5. Her
An inventive and often ingenious futuristic sci-fi/romance that’s subtle with the sci-fi, but a little heavy with the romance. From the design to the concepts, it really delivers on creating its world and in evoking thoughts with its many “what if” scenarios.
Scarlett Johansson’s voice-acting, Jonze’s directorship, and the way Joaquin Phoenix interacts with the Artificial Intelligence all come together to convincingly humanize something that doesn’t have a body, and is present mostly as just an earpiece.
Although it’s a bit too long and begins to lose sight of its central ideas, the relationship drama was always at the forefront. It’s a love story that’s not unlike many we have seen for decades on the big screen, but this man is in love with his computer. It’s a frightening, disturbing, but nonetheless heartfelt, moving, and an utterly original account of loneliness in the modern age.
- Todd S. Gallows
4. The Past
Marie has asked her ex-husband Ahmad to come to Paris from Tehran so that they can have a proper goodbye and finally some closure. To Ahmad’s dismay, and for unexplained motives, she hasn’t booked him a hotel but instead offers him space in her own home, where she lives with her three children. The film carefully unravels a web of complex relationships – each one tragic, confused, and compelling in its own right. Director Ashghar Farhadi unearths a vast and intricate mosaic of details, stories, and emotions. Each moment feels purposeful, but not contrived. Farhadi is a brilliant and skillful storyteller, and some of the themes from A Separation carry over in this film – themes about marriage, domesticity, family, and where and how we place our various histories. The Past is compelling on every level – entertaining with all its plot twists, intellectually engaging with all the questions it asks, and emotionally moving with its beautifully and honestly drawn out characters.
- Bahar Orang
3. Blue is the Warmest Colour
I prefer the French title of this film, La Vie D’Adele: Chapitres 1 et 2, because to me, this was not a film about Emma’s blue hair, but instead the story of Adele, a story that has only just begun.
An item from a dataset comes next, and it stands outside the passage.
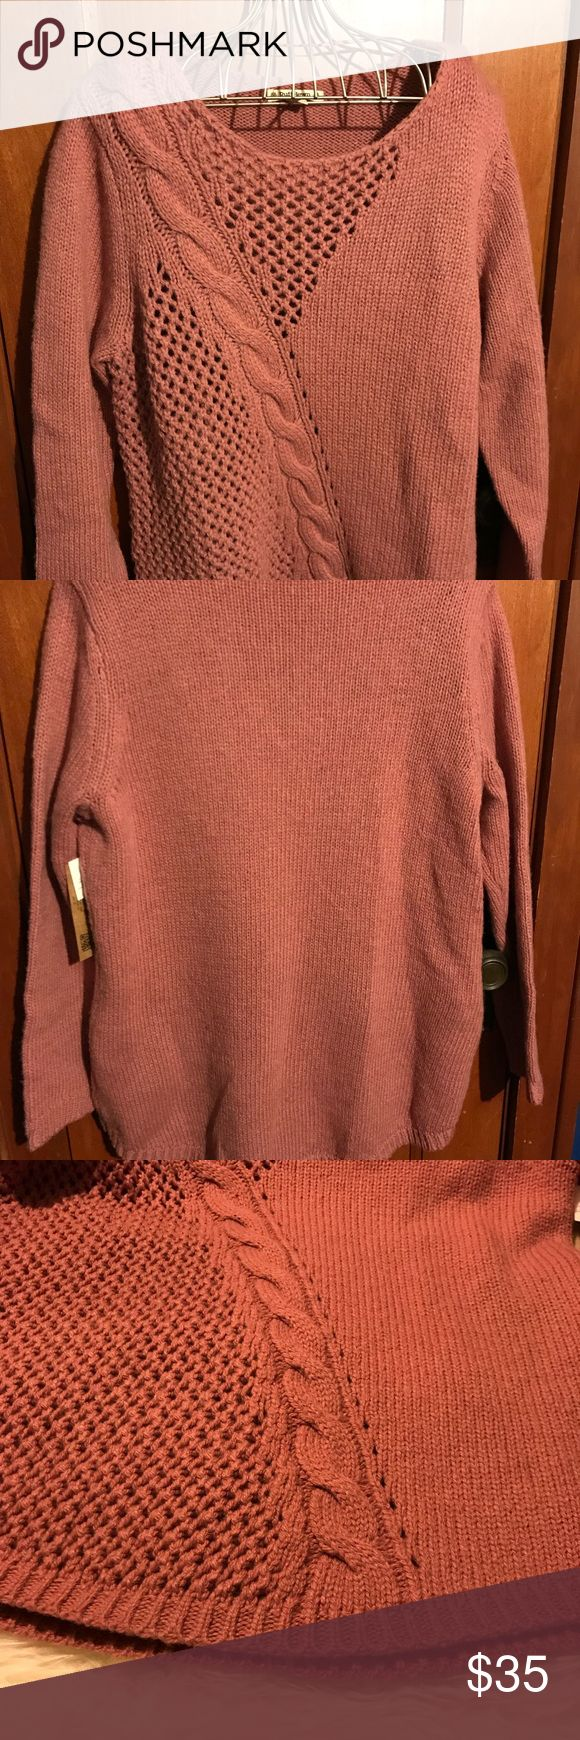 Beautiful Ruff Hewn rose gold sweater 1X Ruff Hewn sweater.  Long sleeved ribbing on ends.  Beautiful knit designs. Flattering patterns. Ruff Hewn Sweaters

We see her as a shy, confused, and frustrated teenager. We see her as a lover, filled with desire, intensity, strength, and compassion. We see her as a teacher, quiet, patient, careful. The film is composed almost entirely of close-ups of Adele’s face – her blushed and embarrassed cheeks, her loving smile, her tearful eyes. The camera follows her through every little moments – and while some details prove immediately important, others are just part of a larger landscape of her life that is constantly, shifting, growing, and becoming more complete.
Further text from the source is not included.